Python 3 and C++ compiler required. The command will download the model and the tokenizer.
| Model | Purpose | Size | Command |
|---|---|---|---|
| TinyLlama 1.1B 3T Q40 | Benchmark | 844 MB | python launch.py tinyllama_1_1b_3t_q40 |
| Llama 3 8B Q40 | Benchmark | 6.32 GB | python launch.py llama3_8b_q40 |
| Llama 3 8B Instruct Q40 | Chat, API | 6.32 GB | python launch.py llama3_8b_instruct_q40 |
| Llama 3.1 8B Instruct Q40 | Chat, API | 6.32 GB | python launch.py llama3_1_8b_instruct_q40 |
| Llama 3.1 405B Instruct Q40 | Chat, API | 238 GB | python launch.py llama3_1_405b_instruct_q40 |
| Llama 3.2 1B Instruct Q40 | Chat, API | 1.7 GB | python launch.py llama3_2_1b_instruct_q40 |
| Llama 3.2 3B Instruct Q40 | Chat, API | 3.4 GB | python launch.py llama3_2_3b_instruct_q40 |
Supported architectures: Llama, Mixtral, Grok
- You can run Distributed Llama only on 1, 2, 4... 2^n nodes.
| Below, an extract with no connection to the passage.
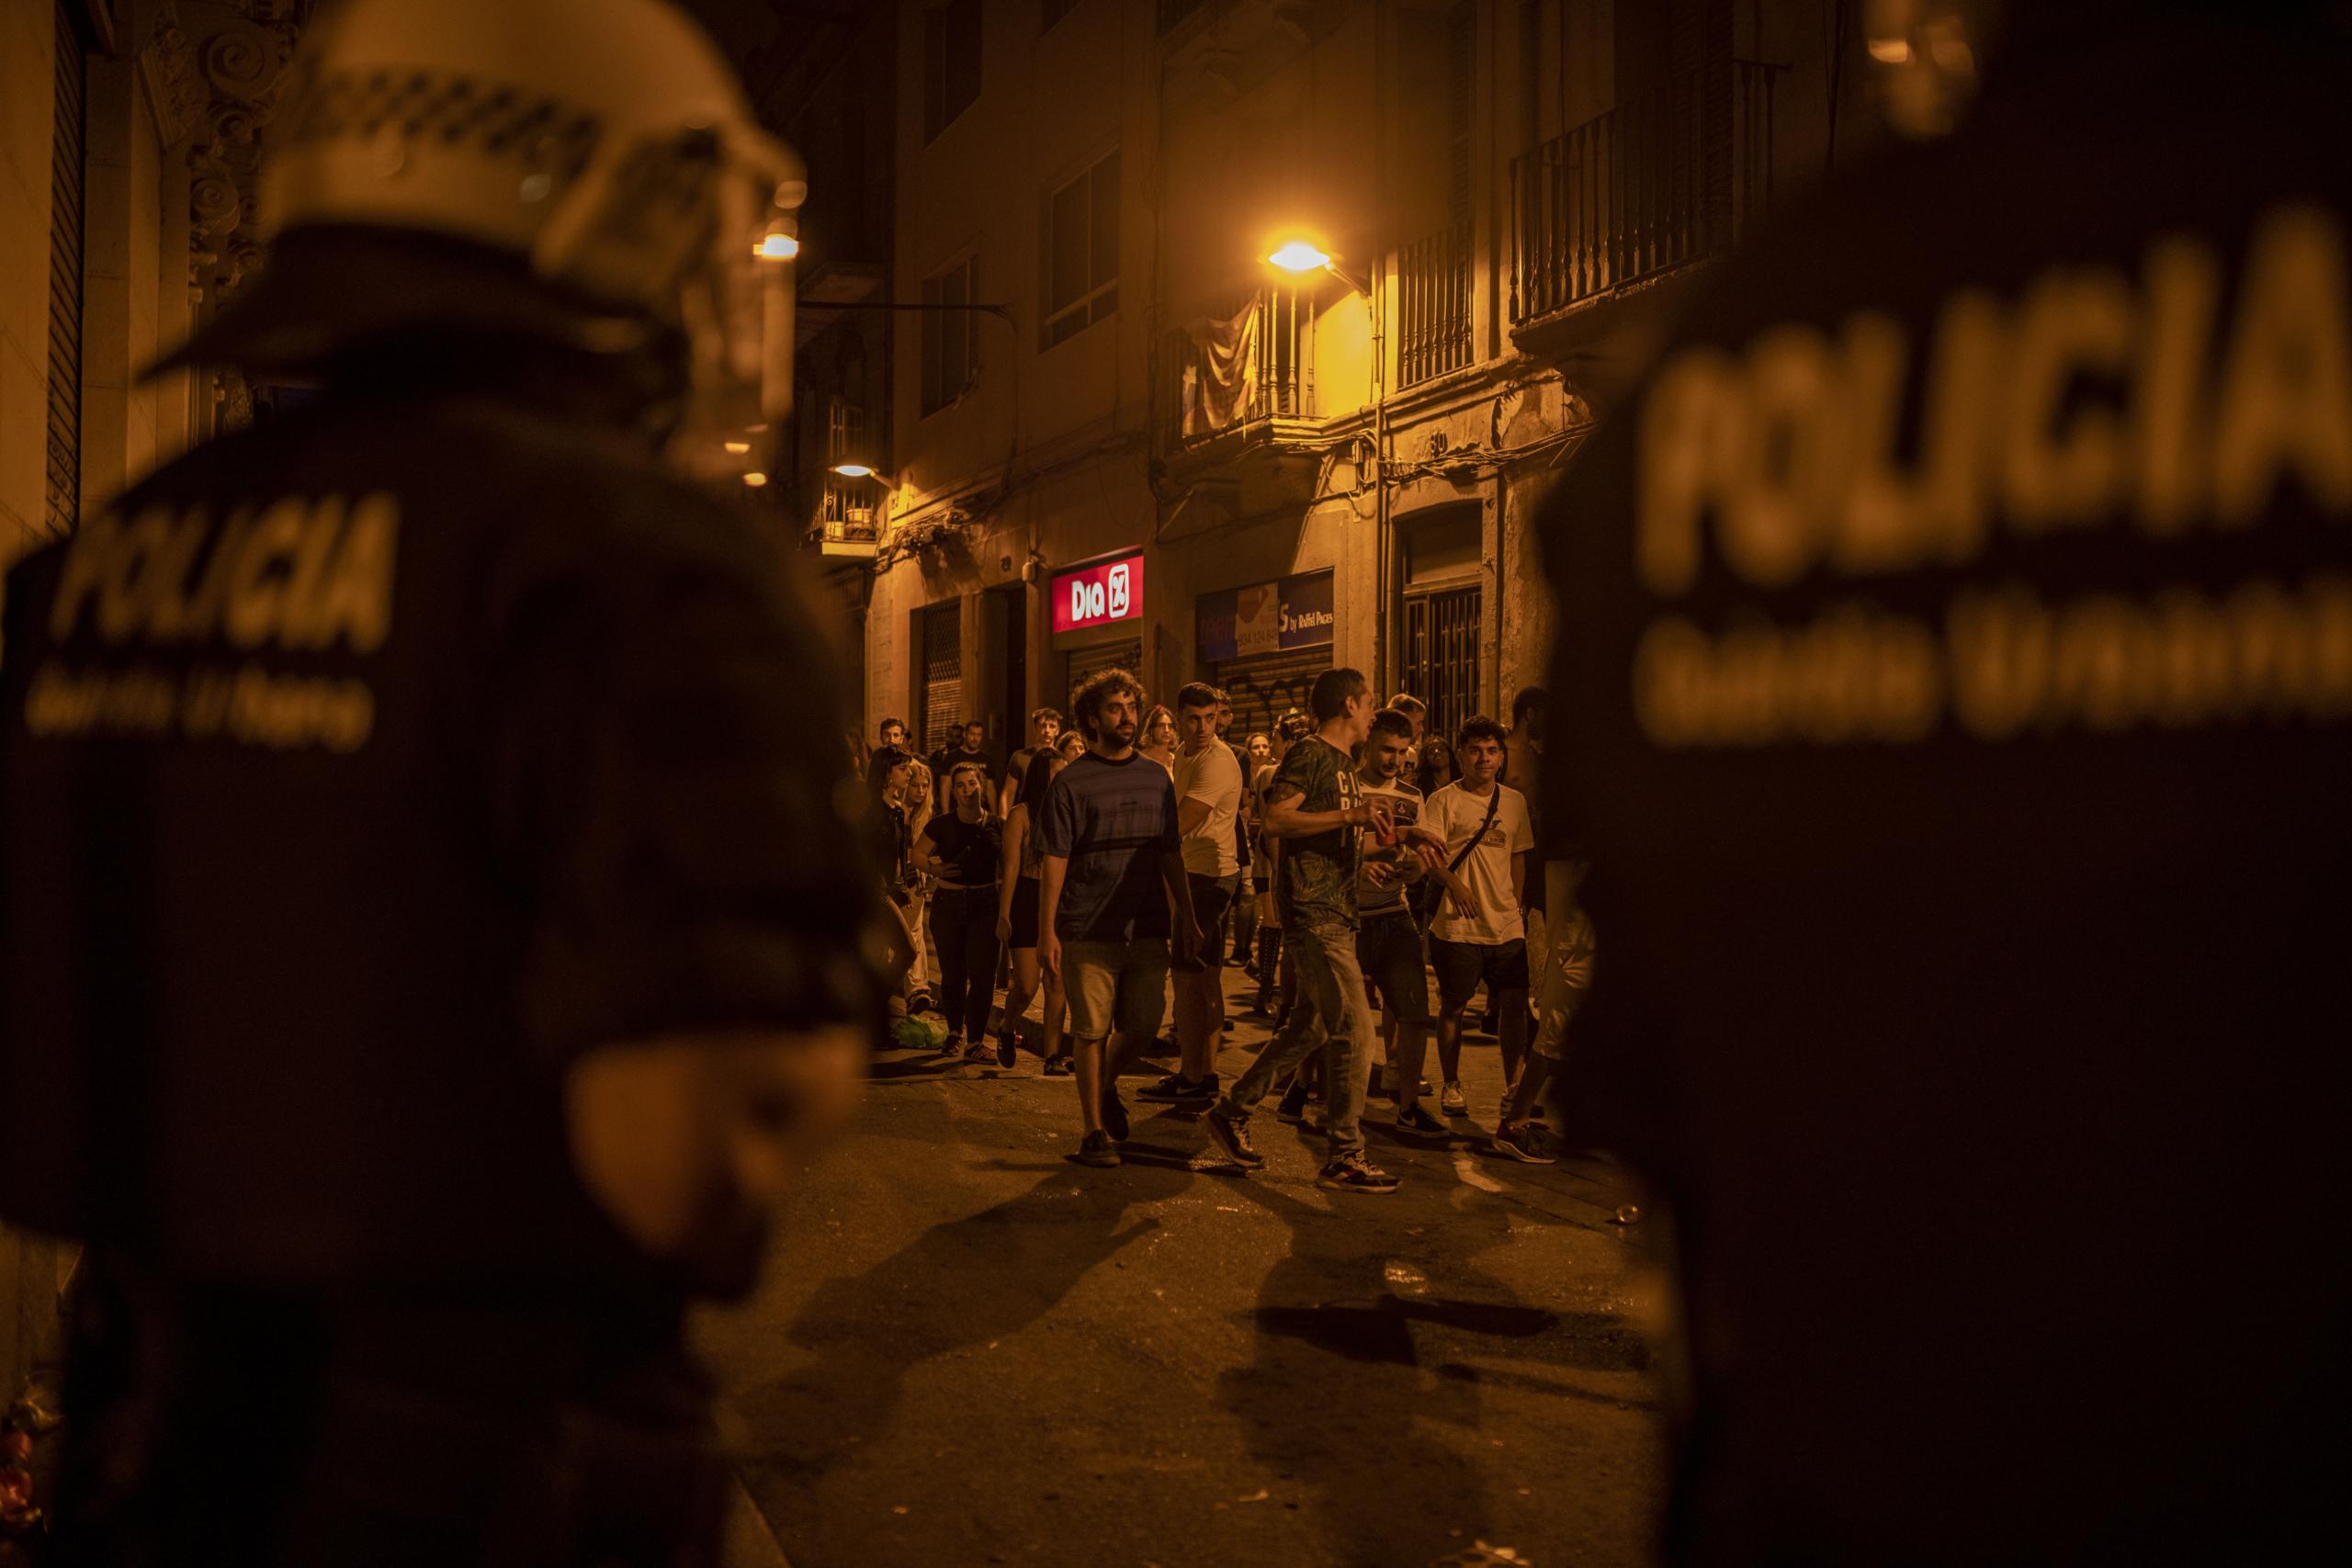 Antiavalots de la Guàrdia Urbana, a la Festa Major de Gràcia, aquesta matinada / Lorena Sopêna

- The maximum number of nodes is equal to the number of KV heads in the model #70.
- CPU support only, GPU support is planned, optimized for (weights format × buffer format):
- ARM CPUs
- ✅ F32 × F32
- ❌ F16 × F32
- ✅ Q40 × F32
- ✅ Q40 × Q80
- x86_64 AVX2 CPUs
- ✅ F32 × F32
- ❌ F16 × F32
- ✅ Q40 × F32
- ✅ Q40 × Q80
- ARM CPUs
The project is split up into two parts:
- Root node - it's responsible for loading the model and weights and forward them to workers. Also, it synchronizes the state of the neural network. The root node is also a worker, it processes own slice of the neural network.
- Worker node - it processes own slice of the neural network. It doesn't require any configuration related to the model.
You always need the root node and you can add 2^n - 1 worker nodes to speed up the inference. The RAM usage of the neural network is split up across all nodes. The root node requires a bit more RAM than worker nodes.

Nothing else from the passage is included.